Long `HOME_NET` list leads to very slow startup times?

Standard version 7.0.0-rc1 installation, mostly default config with EmergingThreats open ruleset installed via suricata-update.

When using the default HOME_NET set (maybe 2 or 3 entries), Suricata seems to take 3 seconds or so to startup and start processing the requested input.

However, if I add the 40 or so subnets which I would like to be considered ‘internal’, the startup time balloons to like 45 seconds, sometimes longer.

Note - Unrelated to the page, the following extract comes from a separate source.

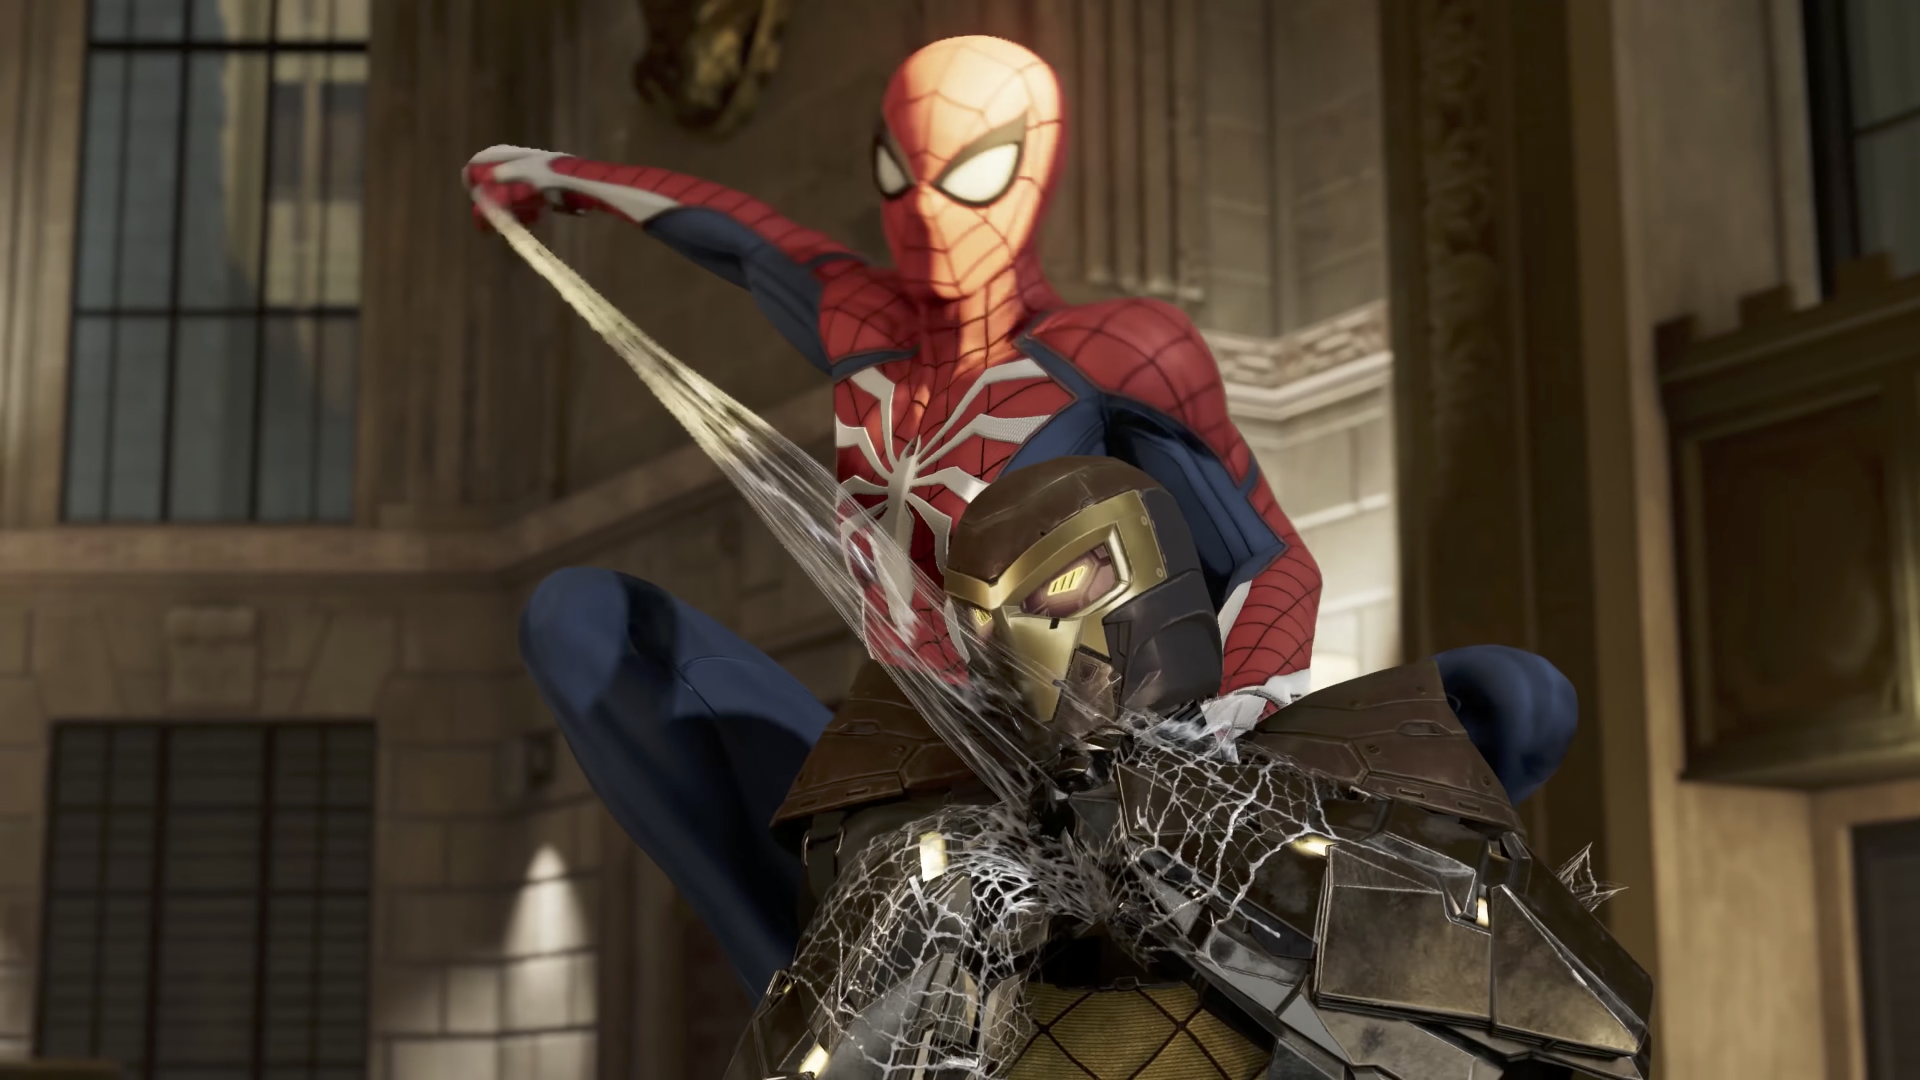 Homem Aranha Ps4 - Review: Spider-Man - The Enemy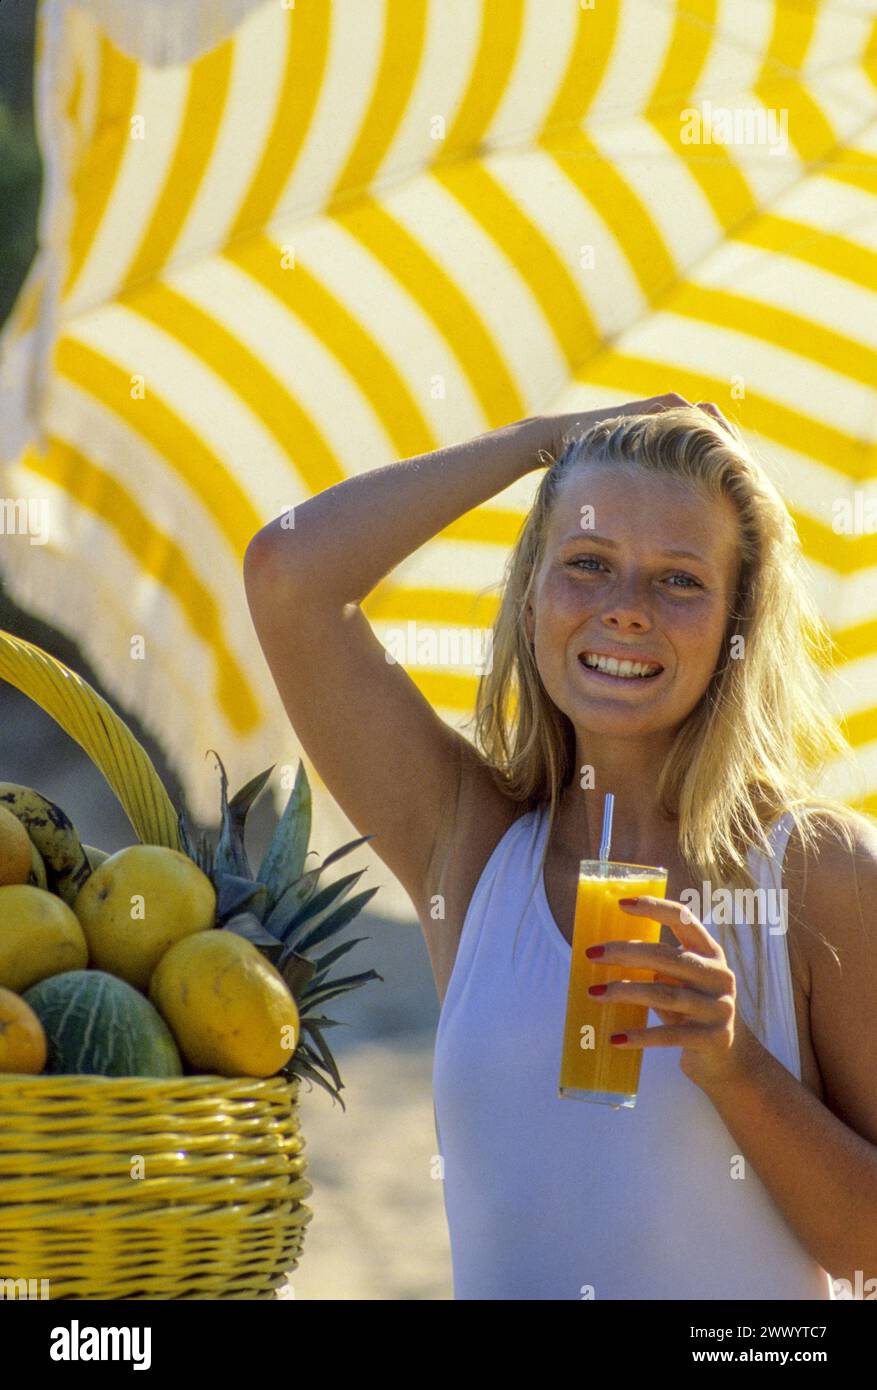 joli cheveux blonds jeune femme attrayante regardant la caméra avant heathy sourire buvant du jus d'orange un parapluie jaune panier de fruits côté sur le fond Banque D'Images

I’m assuming it has to do with parsing/compiling all of the rules (delay happens after SigAddressPrepareStage1 entry in suricata.log), but my main concern is if there is going to be a similar amount of overhead in the processing of the rules against the network traffic as well? Or is it only a cost at startup?

Is this kind of behavior expected? I noticed the same with v6.0.8 I believe as well.

It should speed up the detection, especially if your rules use home_net variable extensively, since a big portion of the traffic will not be matched against.

Good to know. So it’s more of an ‘upfront cost’ then with respect to startup time.

Is the slow startup with a long list of HOME_NET subnets a normal thing?

Can you post your HOME_NET values here? Of course, redact sensitive information but give enough info so we can get the gist of it:
HOME_NET: [subnet1.x.y.z/16,...] or whatever you’re using?